• Given data:

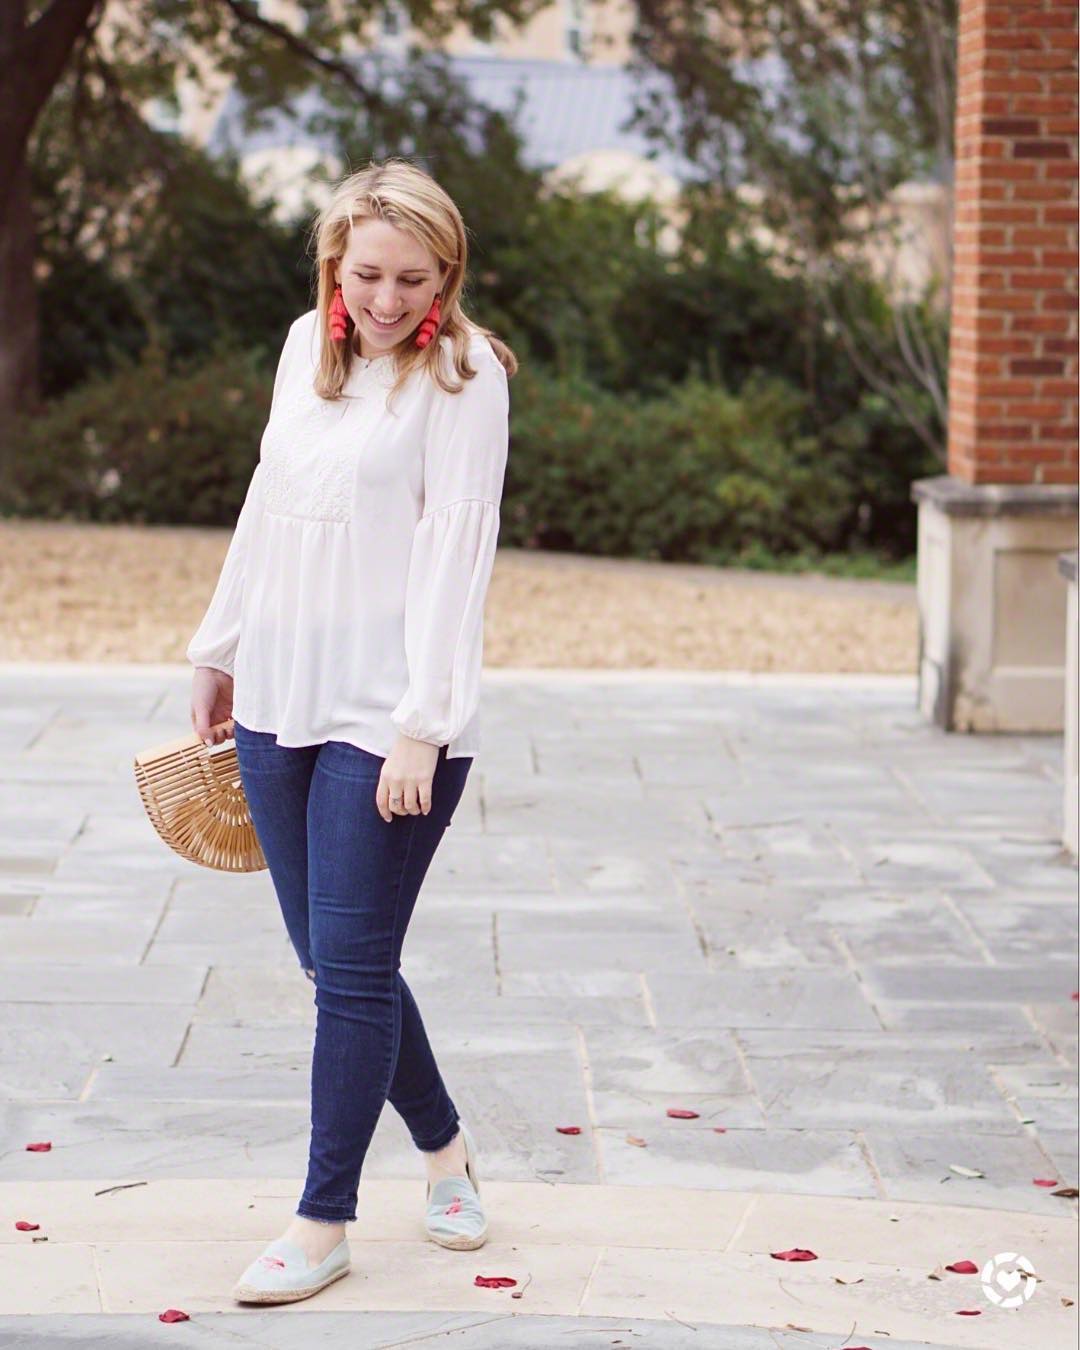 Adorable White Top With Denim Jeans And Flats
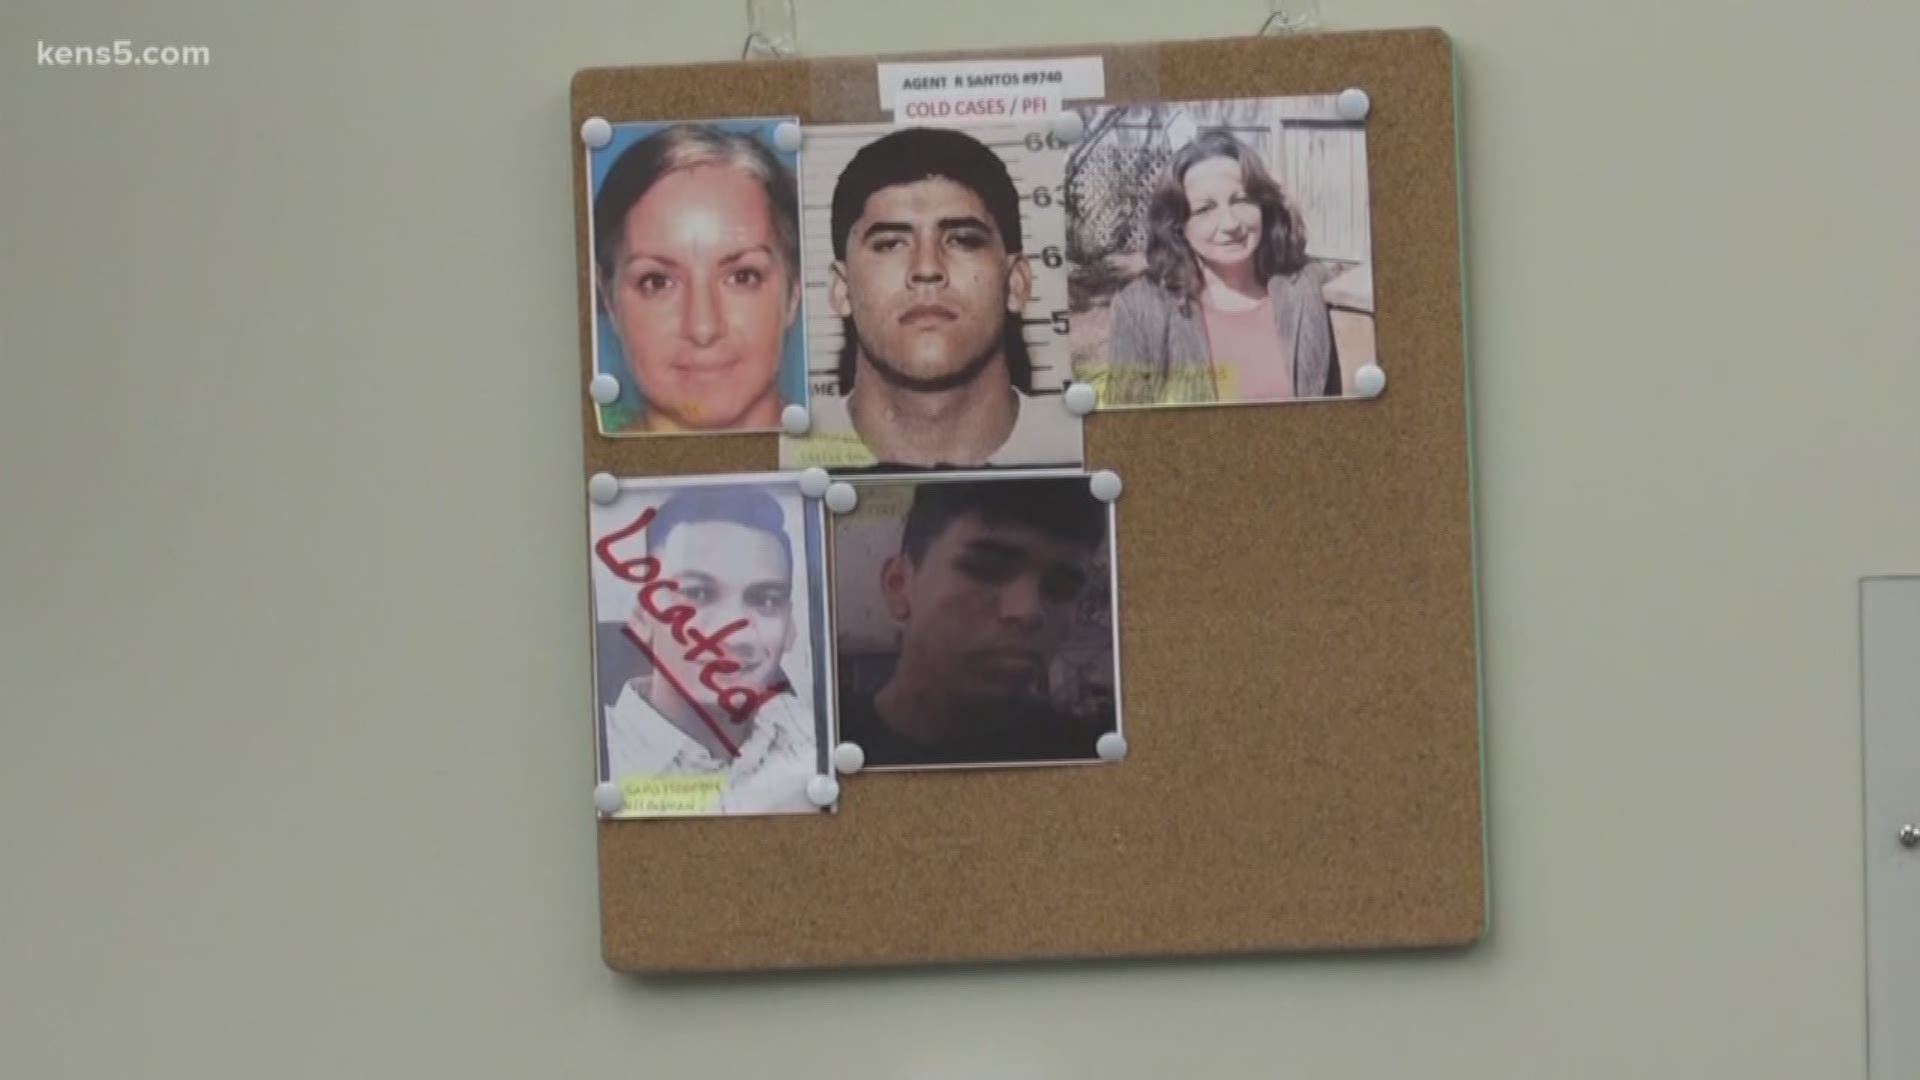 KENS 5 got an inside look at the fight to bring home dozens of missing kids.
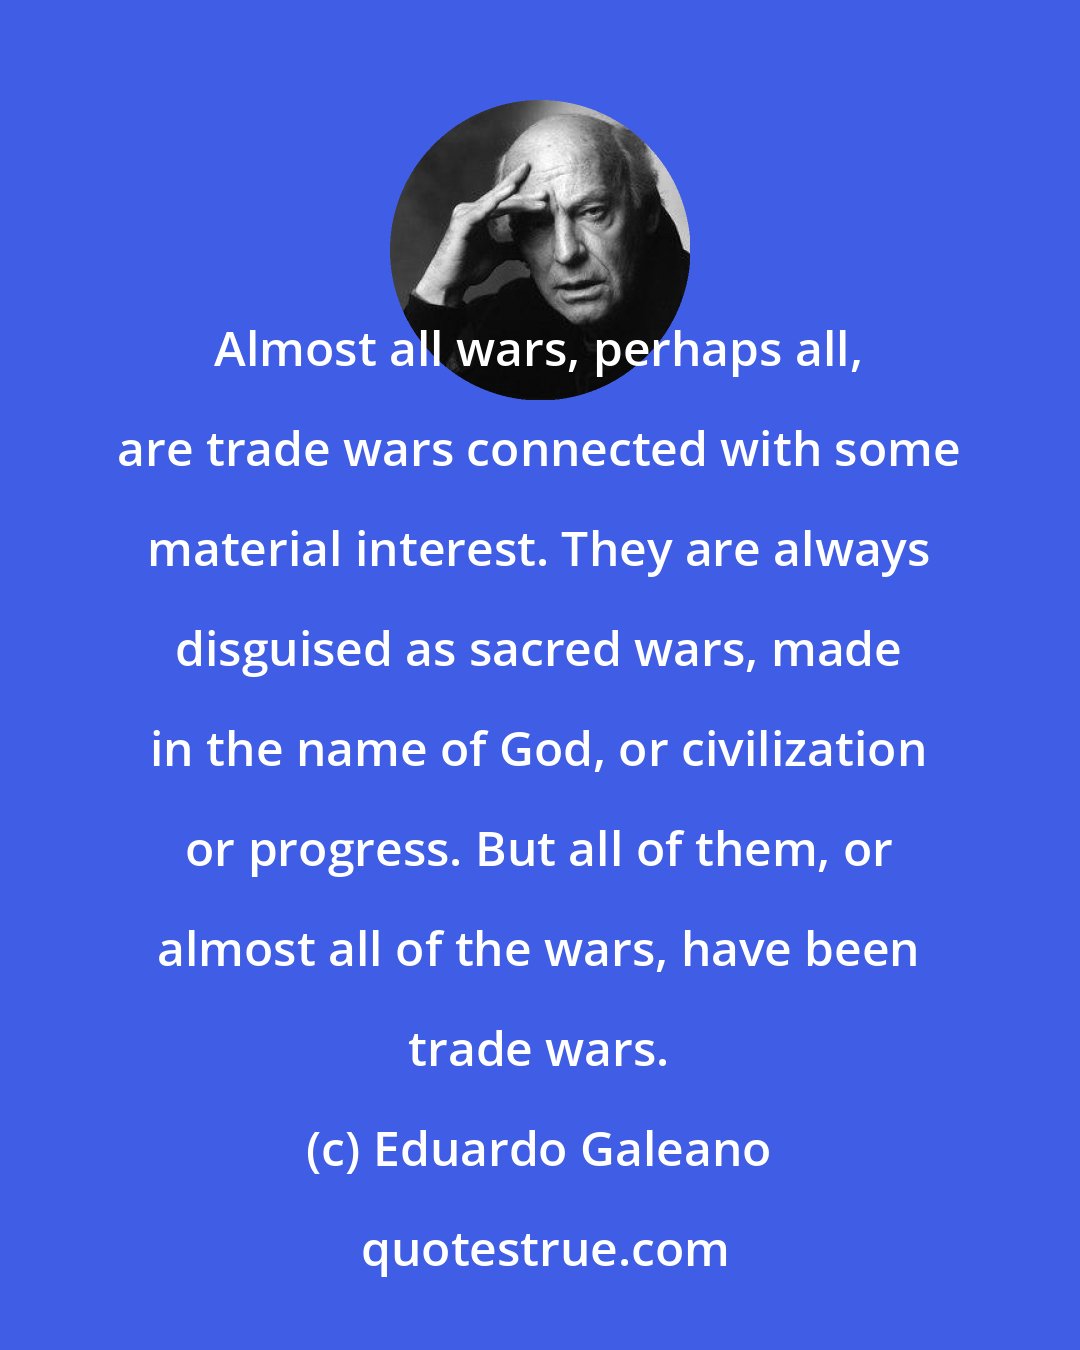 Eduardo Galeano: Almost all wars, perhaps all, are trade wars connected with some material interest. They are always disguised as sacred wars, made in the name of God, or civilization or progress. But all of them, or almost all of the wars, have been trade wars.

• Goal of the exercise:
Return an exact copy of the data above, apart from any pictures.

• Written response:
 Adorable White Top With Denim Jeans And Flats
 KENS 5 got an inside look at the fight to bring home dozens of missing kids.
 Eduardo Galeano: Almost all wars, perhaps all, are trade wars connected with some material interest. They are always disguised as sacred wars, made in the name of God, or civilization or progress. But all of them, or almost all of the wars, have been trade wars.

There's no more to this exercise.